→ **ACTIVITY**
The records are to be copied from the line that contains "Oficjalny portret młodego, ciemnowłosego" through their last line, word for word, with every picture left out.

→ **THE DATA**
* * * * * * *
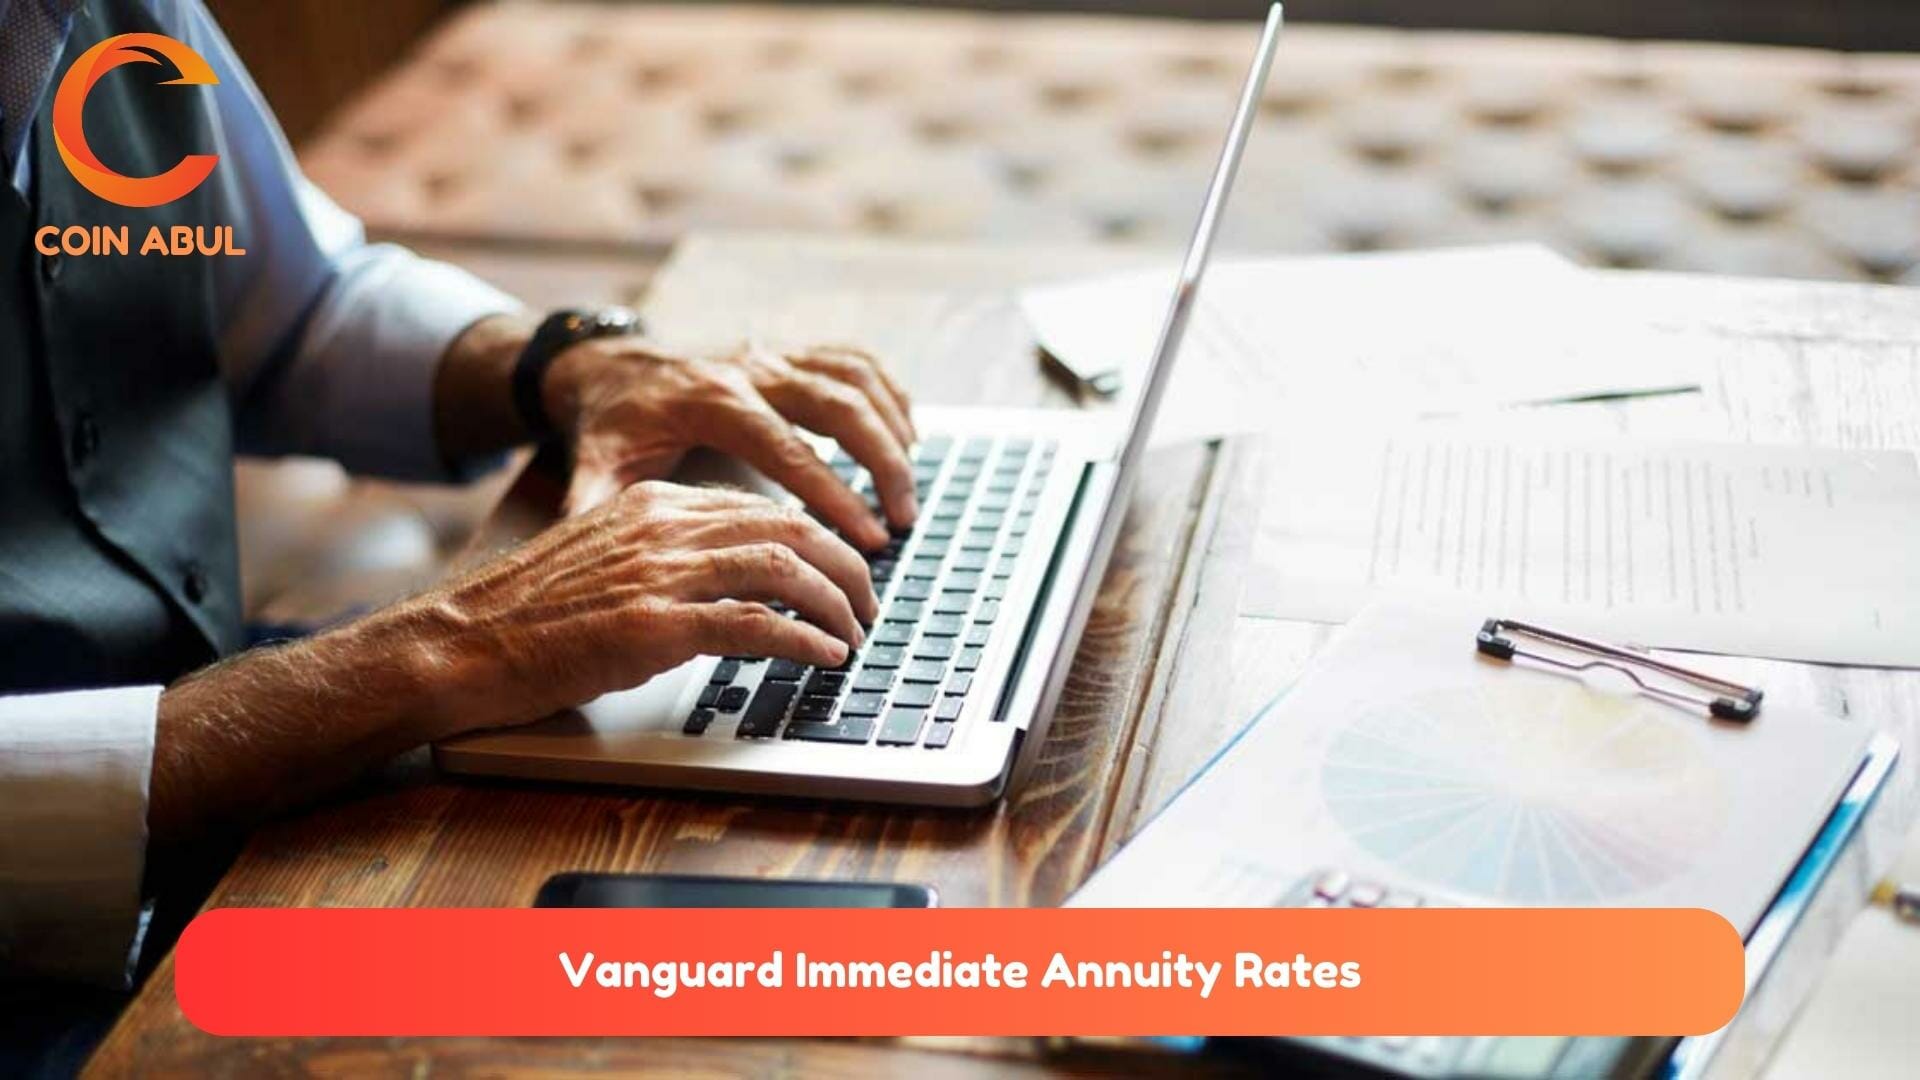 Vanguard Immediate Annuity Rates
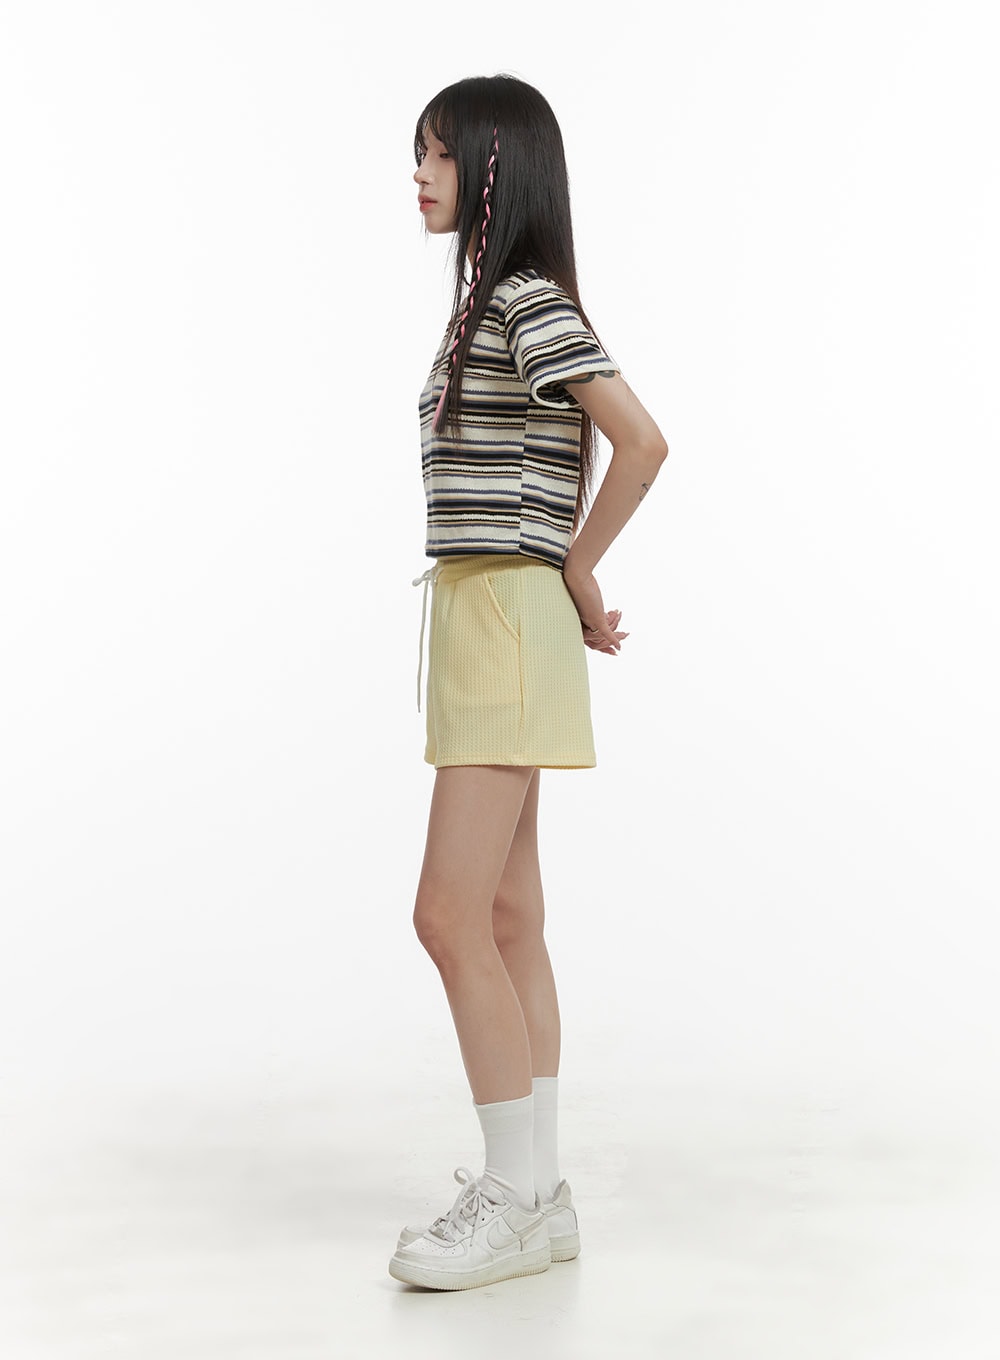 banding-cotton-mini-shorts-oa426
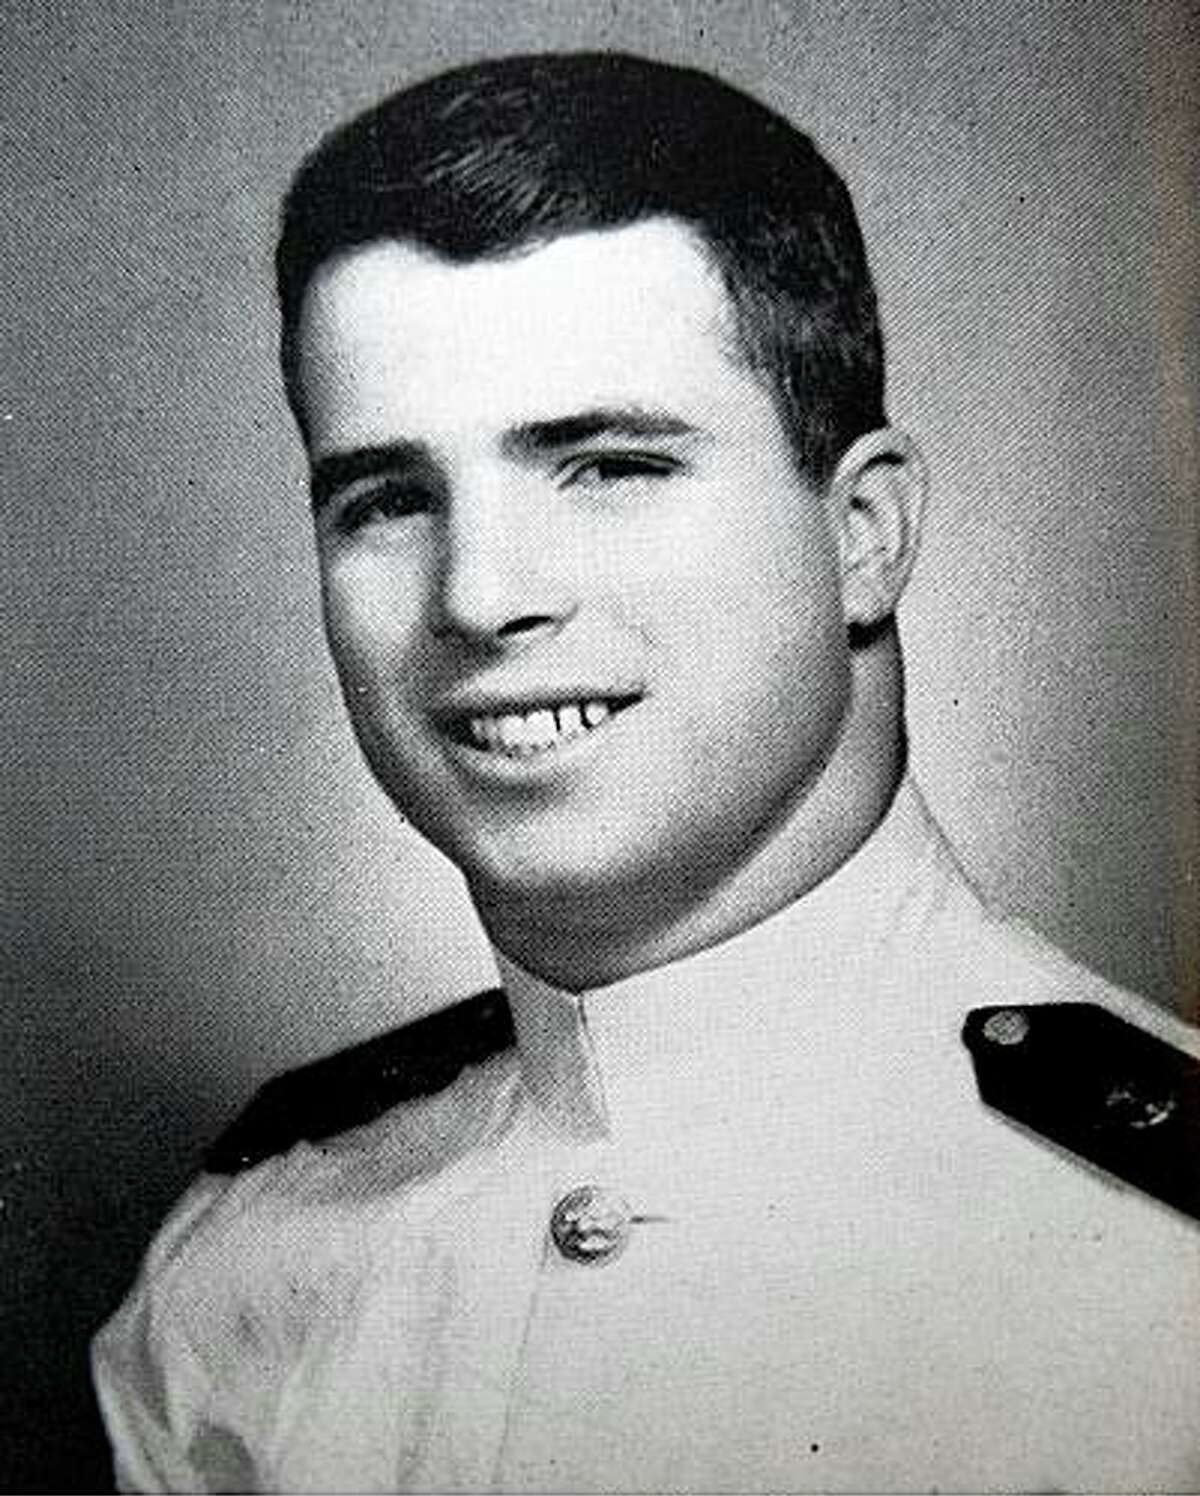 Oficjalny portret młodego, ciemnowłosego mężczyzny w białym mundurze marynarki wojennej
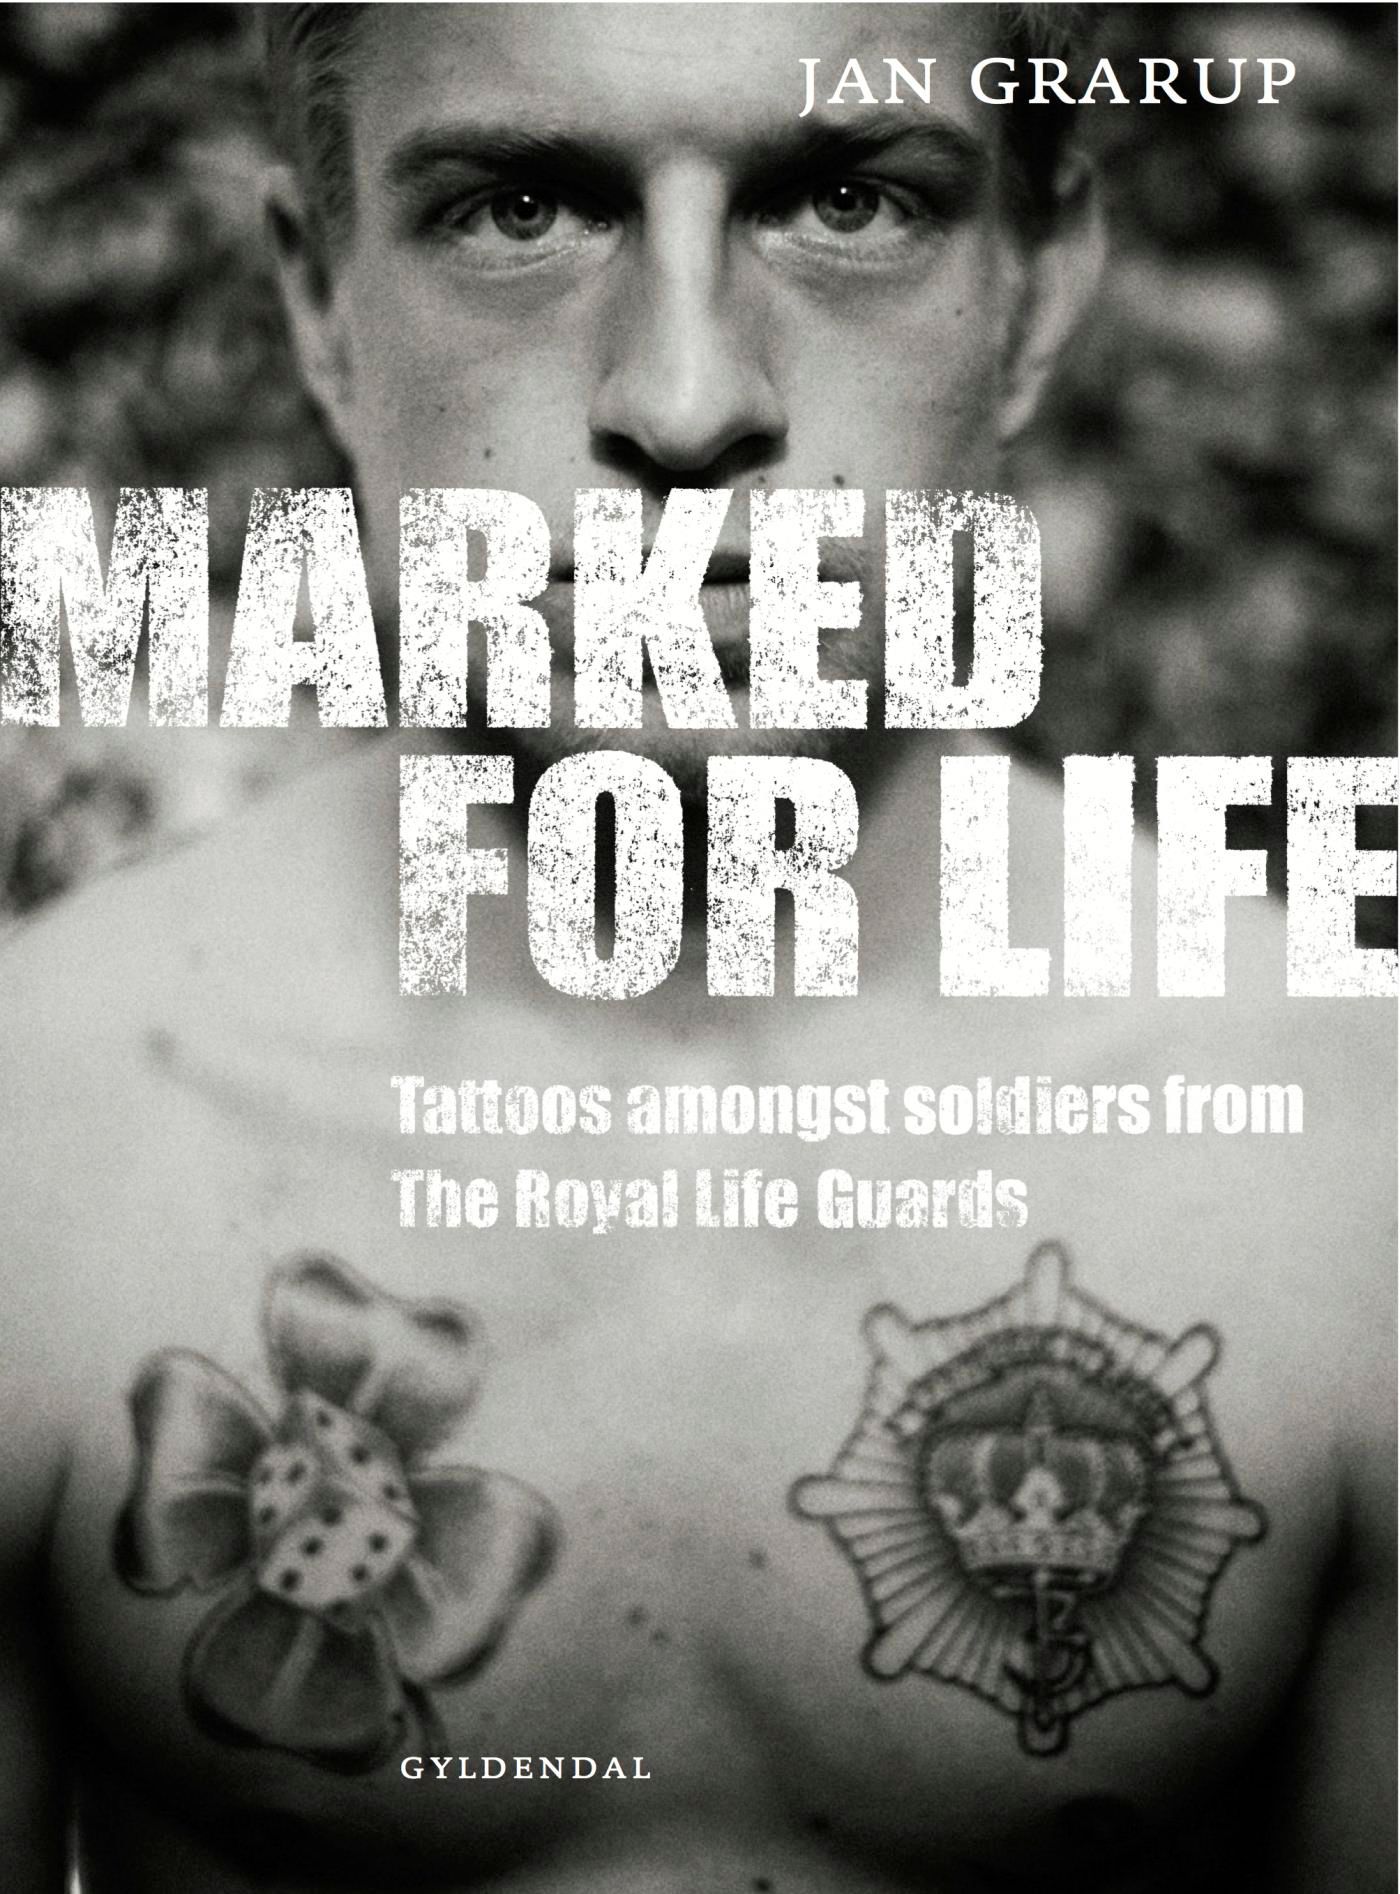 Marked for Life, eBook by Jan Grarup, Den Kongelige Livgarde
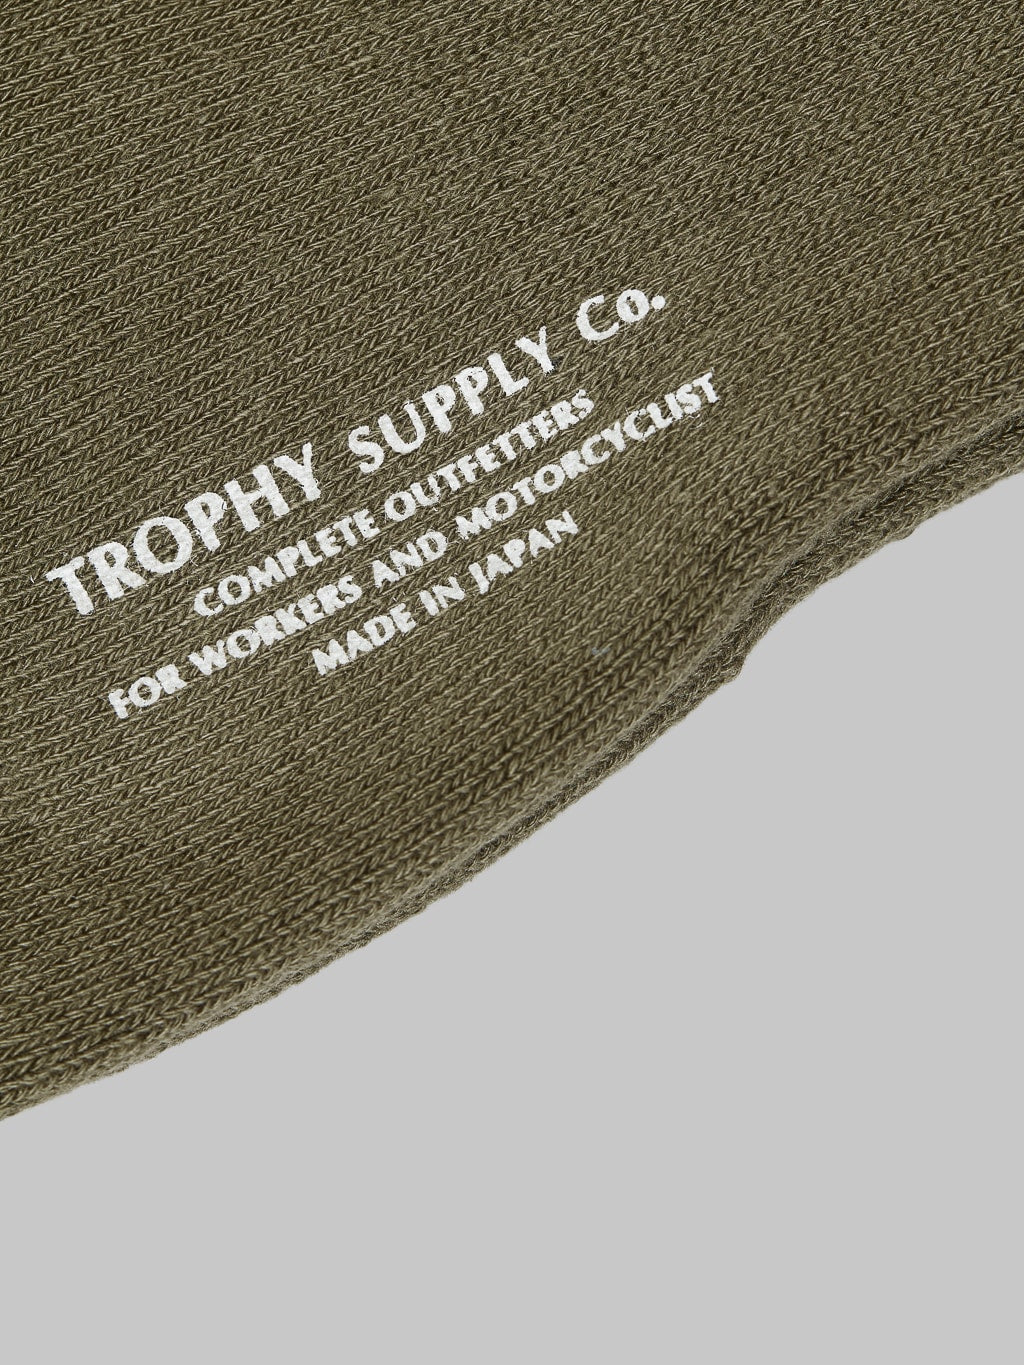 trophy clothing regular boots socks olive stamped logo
* * * * * * *
→ **RESULT FOR THIS TASK**
 Oficjalny portret młodego, ciemnowłosego mężczyzny w białym mundurze marynarki wojennej
 Marked for Life, eBook by Jan Grarup, Den Kongelige Livgarde
 trophy clothing regular boots socks olive stamped logo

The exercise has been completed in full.